Il contribuente che ritenga di aver indebitamente pagato un quantum di imposta superiore a quanto dovuto, potrà richiedere il rimborso, presentando istanza di rimborso ex. art 38 D.P.R. n. 602/1973.

Precisando che, l’istanza di rimborso potrà riguardare solo la TARI pagata a partire dal 2014 e che il termine per presentare l’istanza si prescrive entro 5 anni dal pagamento degli importi non dovuti, la stessa non è soggetta a particolari formalità, come chiarito dal MEF. È tuttavia opportuno che all’interno della stessa siano riportati:

  • i dati sensibili del contribuente (che richiede il rimborso);
  • il periodo per il quale il rimborso è richiesto;
  • il vincolo giuridico che lega il contribuente all’immobile;
  • i dati catastali riferiti all’immobile principale e alle pertinenze ad esso annesse, in relazione alle quali è stata erroneamente applicata la quota variabile della tariffa.

L’istanza di rimborso dovrà essere presentata dal contribuente, a mezzo PEC o raccomandata A/R, direttamente alla società privata che, all’epoca in cui risale il tributo oggetto di contestazione gestiva l’entrata; nell’eventualità (probabile) in cui la suddetta società non esiste più, l’istanza dovrà essere proposta (congiuntamente) nei confronti della nuova società di gestione e del Comune.
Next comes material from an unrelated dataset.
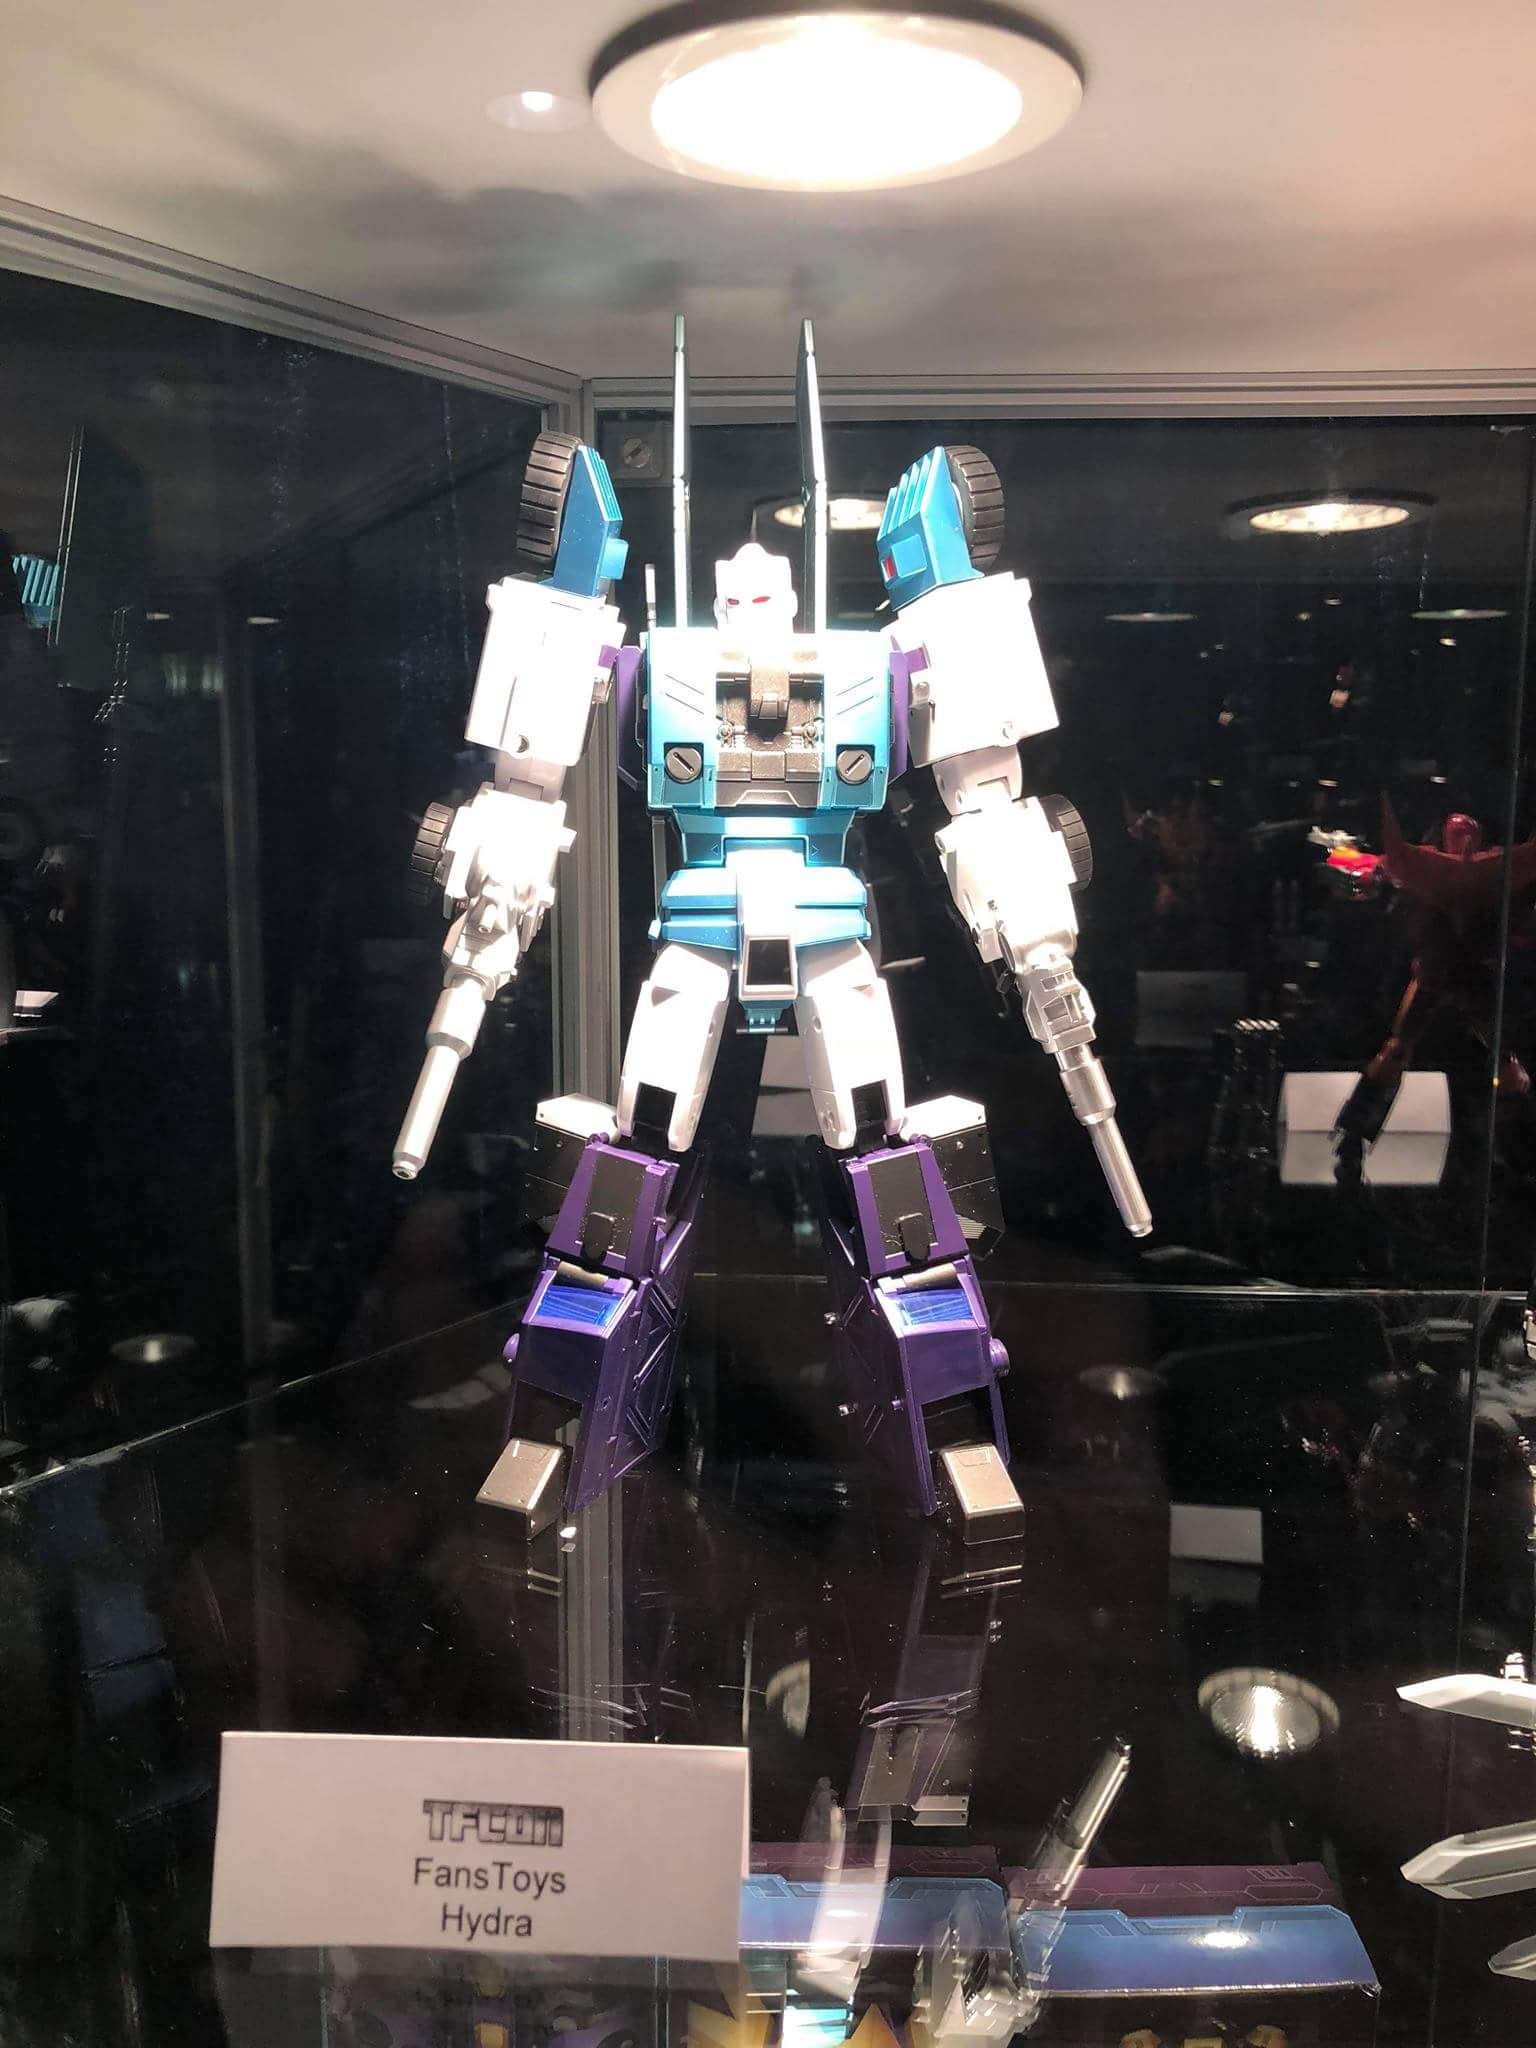 [Fanstoys] Produit Tiers - Jouet FT-28 Hydra aka Sixshot/Hexabot S2AYlTOg_o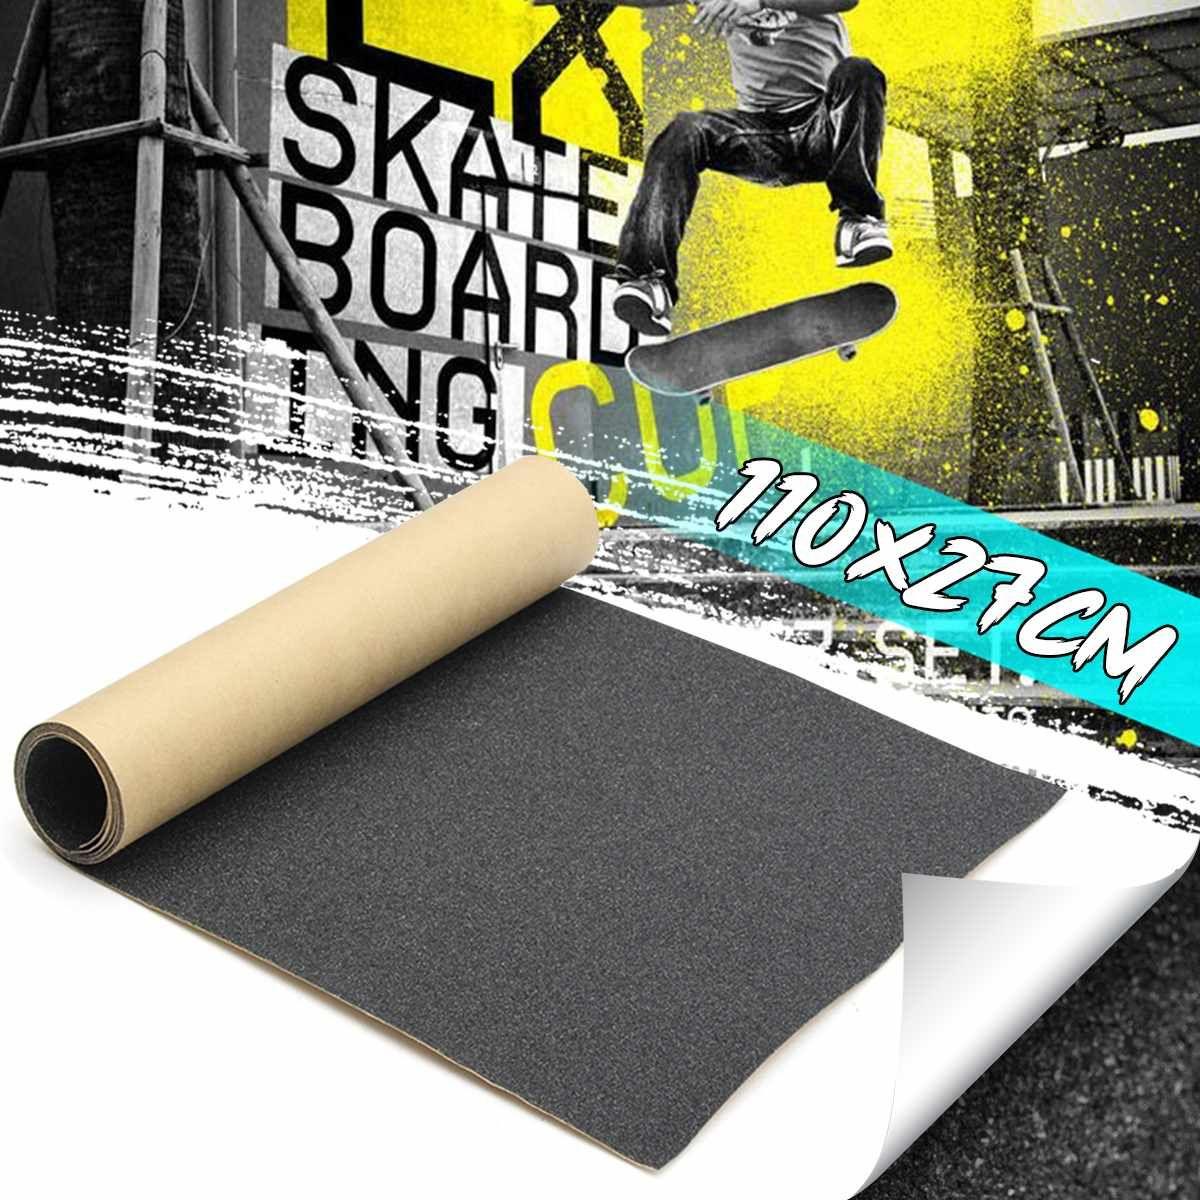 110x27cm Skateboard Grip Tape PVC Scooter Skateboard Sandpaper Deck Longboard Deck Griptapes DIY Longboard Griptape

A seguito di tale procedura, potrà verificarsi che:

  • Al contribuente sia riconosciuto il rimborso;
  • Al contribuente sia notificato un provvedimento di diniego; in tal caso il contribuente che voglia proseguire per il recupero delle somme non dovute, potrà servirsi dello strumento del ricorso entro 60 giorni dalla notifica del diniego;
  • Al contribuente non sia riconosciuto né il rimborso né gli sia comunicato Alcun provvedimento di diniego; in tal caso il contribuente potrà procedere giudizialmente per il recupero delle somme, mediante ricorso da presentarsi dopo 90 giorni dalla data di presentazione dell’istanza.